Brislington Enterprise College
The school's last inspection took place on 20 and 21 May 2014 and it received a 'requires improvement' overall and in every category. It decided to change its status to an academy sponsored by the Christian charity Oasis Community Learning.

Description
This is a 920 student secondary school, with provision for an 35 place autism unit, and a 20 place speech and language disorder unit. 
 The Oasis Trust has legal responsibility for the academy and an academy council, with representatives are from the local community, parents and the trust, forms the local governing body it reports through the regional director to the national board of the trust. The proportion of pupils entitled pupil premium funding is above the national average.

Three years after the refactoring, in 2018, Ofsted was still of the opinion that the academy 'requires improvement' and in the text commented that the new regime was making the necessary improvements but the expected outcomes were not yet measurable.

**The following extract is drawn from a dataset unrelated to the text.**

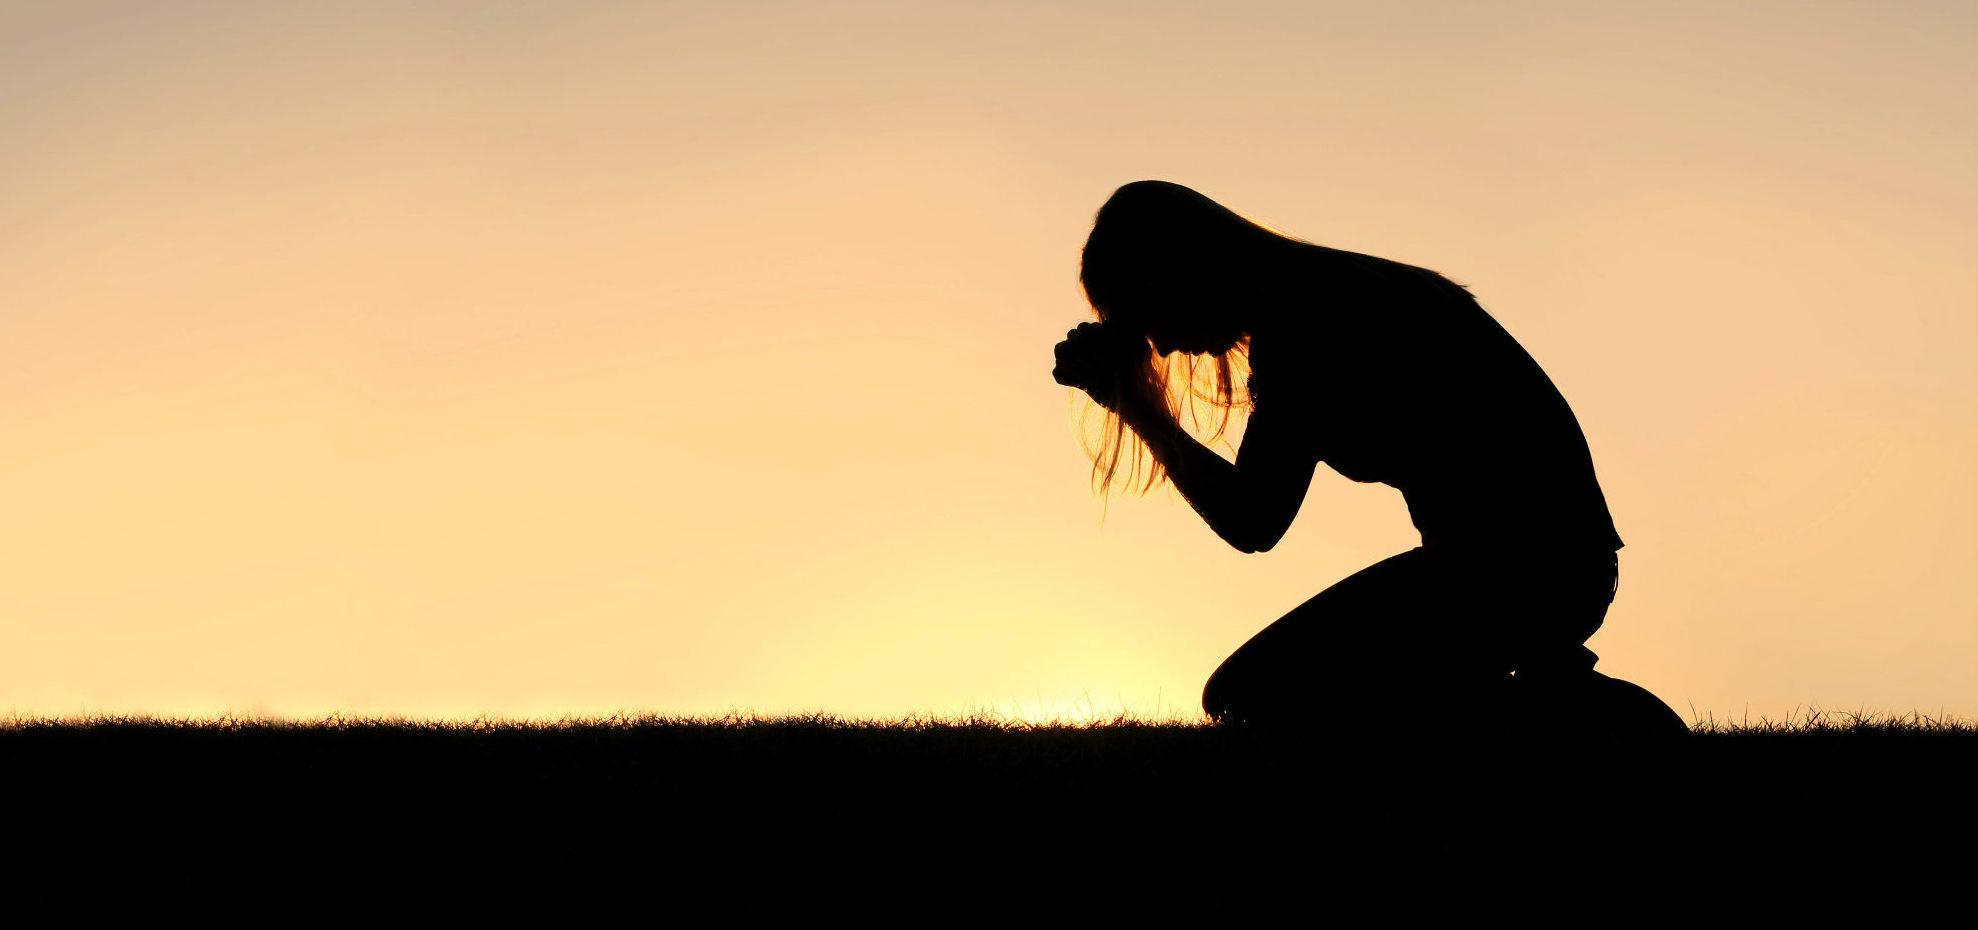 oração: poderosoas orações para acalmar seu coração

In 2021, Ofsted were under the impression that the academy was ‘good’. In the inspection report of the school, under a section called ‘What does the school need to improve?’. It states ‘Teachers provide guidance, scaffolding and prompts to support pupils to learn. However, sometimes, teaching does not allow pupils to extend their knowledge as well as they could. Leaders need to ensure that planned work on how to develop a challenging curriculum has the desired impact.’

Oasis
Oasis Academy Brislington is part of the Oasis Community Learning group, and evangelical Christian charity. The trust have guided forty schools out of special measures. 19 per cent of the 52 Oasis academies classified as failing. The trust's founder Reverend Steve Chalke says "Turning round a school is sometimes a quick fix, it really, truly is. And sometimes it’s a really long, hard, hard job".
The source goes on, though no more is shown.